In /var/log/messages I have these tagged by systemd, from the last reboot:
  systemd[1]: Reloading.
  systemd[1]: Reloading.
  systemd[1]: Reloading.
  systemd[1]: Reloading.
  systemd[1]: Reloading.
  systemd[1]: Reloading.
  systemd[1]: Reloading.
  systemd[1]: PID 1525 read from file /var/spool/postfix/pid/master.pid does not exist.
  systemd[1]: Reloading.
  systemd[1]: systemd-sysctl.service: main process exited, code=exited, status=1
  systemd[1]: Unit systemd-sysctl.service entered failed state.
  systemd[1259]: Failed at step EXEC spawning /usr/sbin/rpc.rquotad: No such file or directory
  systemd[1]: PID 19707 read from file /var/spool/postfix/pid/master.pid does not exist.
  systemd[1]: plymouth-quit-wait.service operation timed out. Terminating.
  systemd[1]: Unit plymouth-quit-wait.service entered failed state.
  systemd[1]: Startup finished in 1s 533ms 403us (kernel) + 3s 530ms 562us (initrd) + 1min 26s 265ms 155us (userspace) = 1min 31s 329ms 120us.
  systemd[1]: systemd-tmpfiles-clean.service: main process exited, code=exited, status=1
  systemd[1]: Unit systemd-tmpfiles-clean.service entered failed state.

And these from dmesg:
  systemd[1]: systemd 44 running in system mode. (+PAM +LIBWRAP +AUDIT +SELINUX +IMA +SYSVINIT +LIBCRYPTSETUP; fedora)
  systemd[1]: Set hostname to ....

The tmpfiles thing was a jetty problem (no user/group jetty).  Haven't looked at what's up with plymouth-quit yet or rpc.quotad.

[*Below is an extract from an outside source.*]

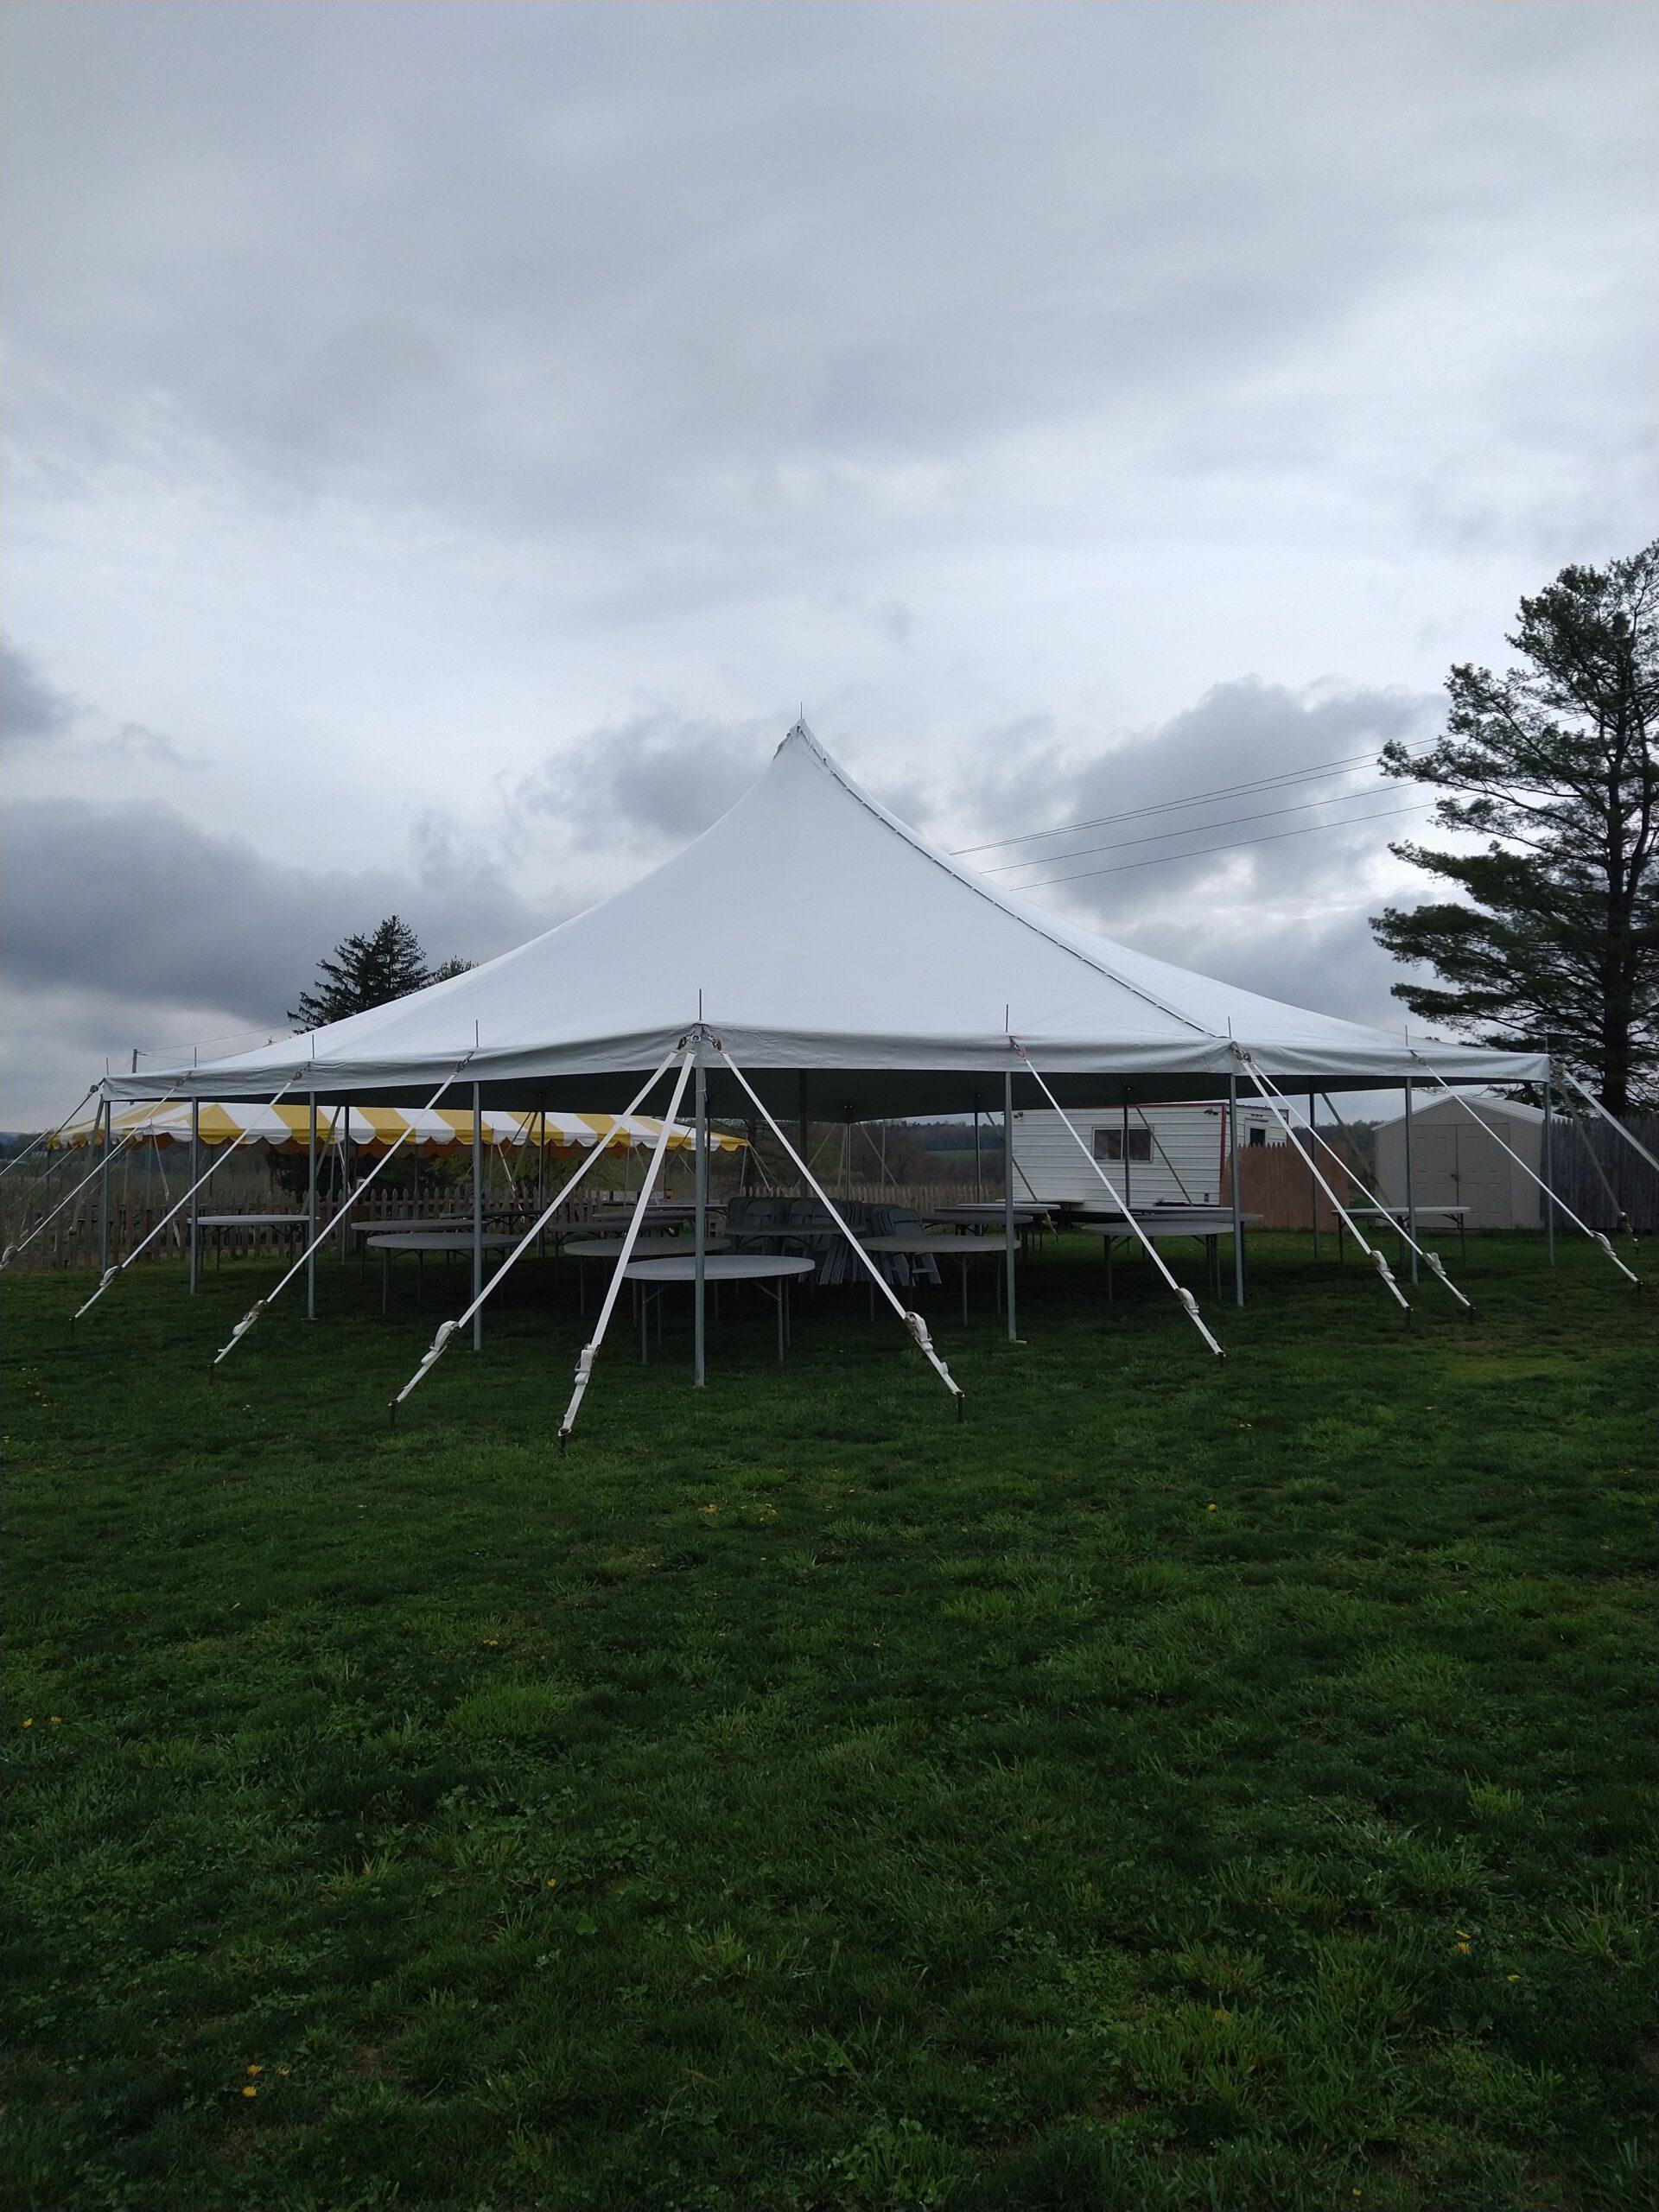 Image of 40x40 Pole Tent Rental

Comment 7 Henrique Martins 2012-09-22 23:12:16 UTC
After another reboot I think I got the reason this is failing logged to /var/log/messages (not sure why it wasn't there before).  I now see:
  systemd-sysctl[419]: Failed to write '0' to '/proc/sys/net/ipv4/conf/all/mc_forwarding': Permission denied
and I do have:
  net.ipv4.conf.all.mc_forwarding = 0
on /etc/sysctl.cnf

Turns out /proc/syc/net/ipv4/con/all/mc_forwarding is -r--r--r-- root root and somehow as root I can't change it or echo 0> into it.  Not sure if this ever worked before or why it isn't working now.

Comment 8 Lennart Poettering 2012-09-24 23:25:23 UTC
Hmm, OK. This seems to be a kernel interface confusion. If you think the file should be writable, please file a kernel bug. Since there appears to be nothing wrong with systemd I'll close the bug now.